Anyway, I'll look into it and file a PR

from glaze.

justend29 avatar justend29 commented on May 27, 2024 1

That all seems understandable, and most of this debate seems to be coming from just looking at different sides of the same coin.
JSON is really limited, which is half its beauty, but it doesn't map perfectly to language constructs. I still think default map and pairs should be JSON objects, but choosing the alternative for non-string keys seems palatable. Maybe @stephenberry can choose what a more sensible default is for non-string like keys. Still, the issue of ints and enums being acceptable object keys.

Thanks for sharing the perspective. I think adding a modifier/wrapper to read/write object-like types as arrays could be in the cards, for sure. That doesn't break anything, is opt-in, and supports both trains of thought.

from glaze.

justend29 avatar justend29 commented on May 27, 2024

This is currently the case but I don't believe it has to be. I'm looking into it.

from glaze.

justend29 avatar justend29 commented on May 27, 2024

Pull request #509 introduces support for reading arbitrary types as JSON object keys. It also provides a fix for writing arbitrary types as JSON object keys. I'd like to get a review on it before merging.

As for your example, it works with the PR but there are a few things to note:

  1. Types must provide a comparison operator to be used as the key_type in std::maps. One is therefore needed for type Foo.
  2. Your intention may be to detect a parse error, but the sample JSON would always fail to parse. std::map is read/written as a JSON object, making it {\"values\":{\"3\":7,\"7\":3,\"73\":37}} or, as a raw string literal, R"({"values":{"3":7,"7":3,"73":37}})".

Here is an altered version of your example:

#include <cstdint>
#include <cassert>
#include <compare>

#include <glaze/core/meta.hpp>
#include <glaze/core/macros.hpp>
#include <glaze/json/quoted.hpp>

struct Foo {
  int64_t value;
  [[nodiscard]] std::strong_ordering operator<=>(const Foo&) const noexcept = default;
};


template<>
struct glz::meta<Foo> {
  static constexpr auto value{ &Foo::value };
};


struct Bar {
  std::map<Foo, int> values;
	 
  GLZ_LOCAL_META(Bar, values);
};


int main() {
  const auto parsed = glz::read_json<Bar>(R"({"values":{"3":7,"7":3,"73":37}})");
  assert(parsed.has_value());

  const Bar expected{
    .values = {{{3}, 7}, {{7}, 3}, {{73}, 37}}
  };
  assert(expected.values == parsed->values);
}

from glaze.

Haatschii avatar Haatschii commented on May 27, 2024

Hey,

thank you very much for looking into this and for directly providing a pull request! I am not sufficiently accustomed with glaze to give a reasonable review on the internal changes, but I think that it would solve my problem and is everything I currently need. However I think it might makes sense to discuss the general serialization syntax, as raised in your second point (you are totally correct with your first point btw, my comparison operator must have gotten lost when creating the minimal example):

You say that a std::map is read/written as a JSON object and not as an array of pairs (as in my example). I totally see how this is obvious choice for maps with string-like keys, but I would argue that the array of pairs is better suited for the general case. The reasoning being:

  1. From an abstract perspective the goal should be to map between the c++ object and the JSON representation preserving as many attributes as possible. As std::map is an ordered container, it seems reasonable to account for this ordering in the serialization. This is achieved by the array-of-pairs, as by specification a JSON array is an ordered sequence of zero or more values. A JSON object on the other hand is an unordered set of name/value pairs, and can not be expected to reliably preserve the ordering. Apart from the philosophical aspect, it also makes sense from a performance perspective to guarantee the ordering, as for example perfect emplace_hint can always be used for deserialization. This is even more the case for std::flat_map.

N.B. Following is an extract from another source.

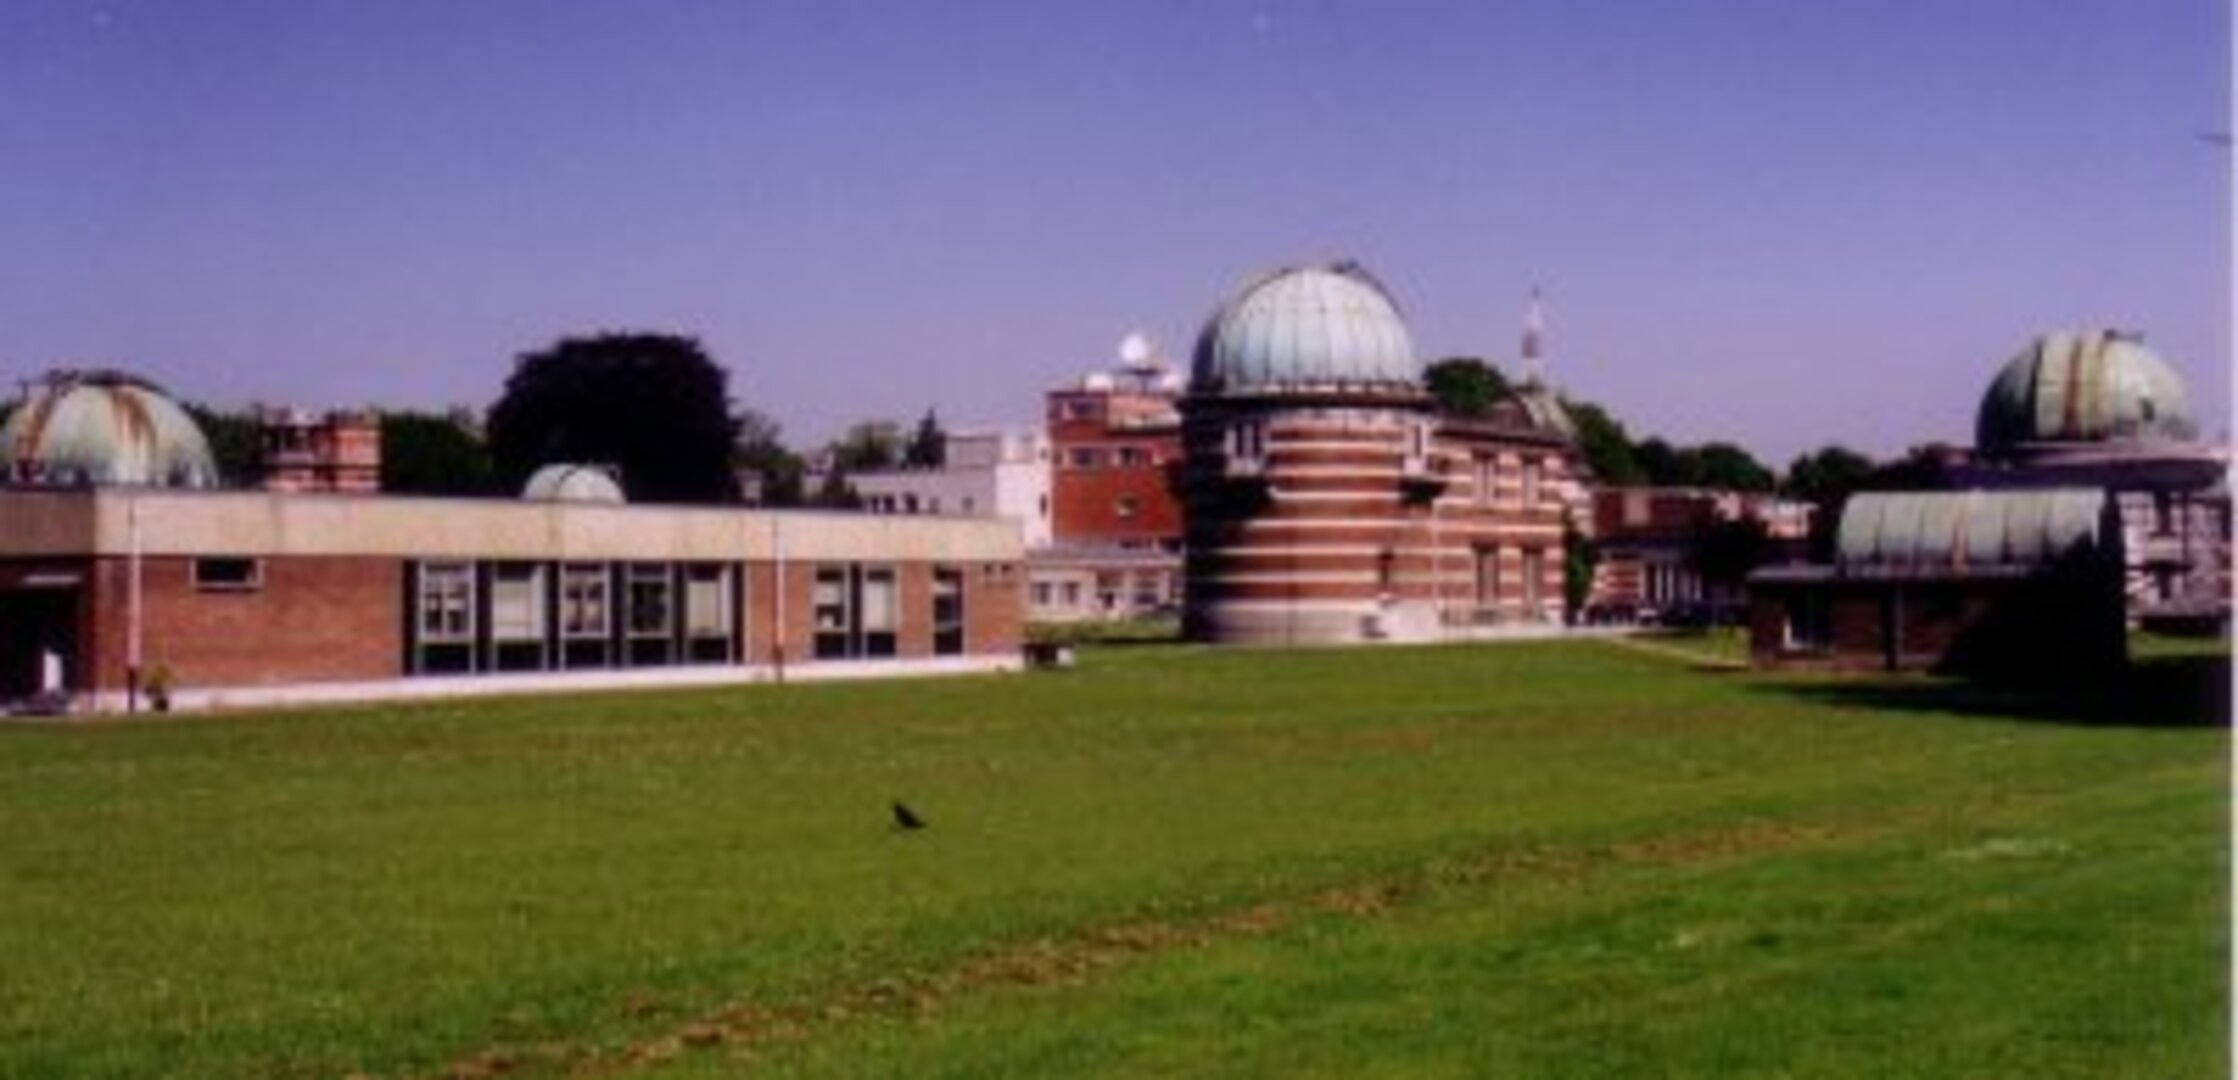 Les télescopes de l'Observatoire et les équipements de collecte des données météo

  2. The JSON specification only allows strings as object keys. This means that in order to serialize a map with non-string keys, the keys have to be serialized to an escaped string (which is what you do in the pull request,a s far as I understand). The result is having a JSON object where some strings are themself JSON objects, which seems like a burden on code complexity (in glaze), performance (escaping everything) and readability of the JSON. In contrast using the array-of-pairs approach there is no need to create json strings, as the keys can directly be written as JSON objects.

  3. There is real trouble when trying to use the JSON object approach for a std::multimap, as non-unique keys are a grey area of the JSON specification at best. In contrast the array-of-pairs is well defined also for duplicate keys.

That being said, I am not sure if there is the best way to handle map-like types and it might makes sense to support several options. There also doesn't seem to be a consensus on this problem among other c++ JSON libraries, on how to handle map-like types with non-string keys.

from glaze.

justend29 avatar justend29 commented on May 27, 2024

@Haatschii

I'm really pleased that this will help resolve your problem. Addressing your points above:

  1. here are a few points against changing the default serialization of maps from JSON objects to arrays. You can reference this issue where some decisions about preferring objects were made.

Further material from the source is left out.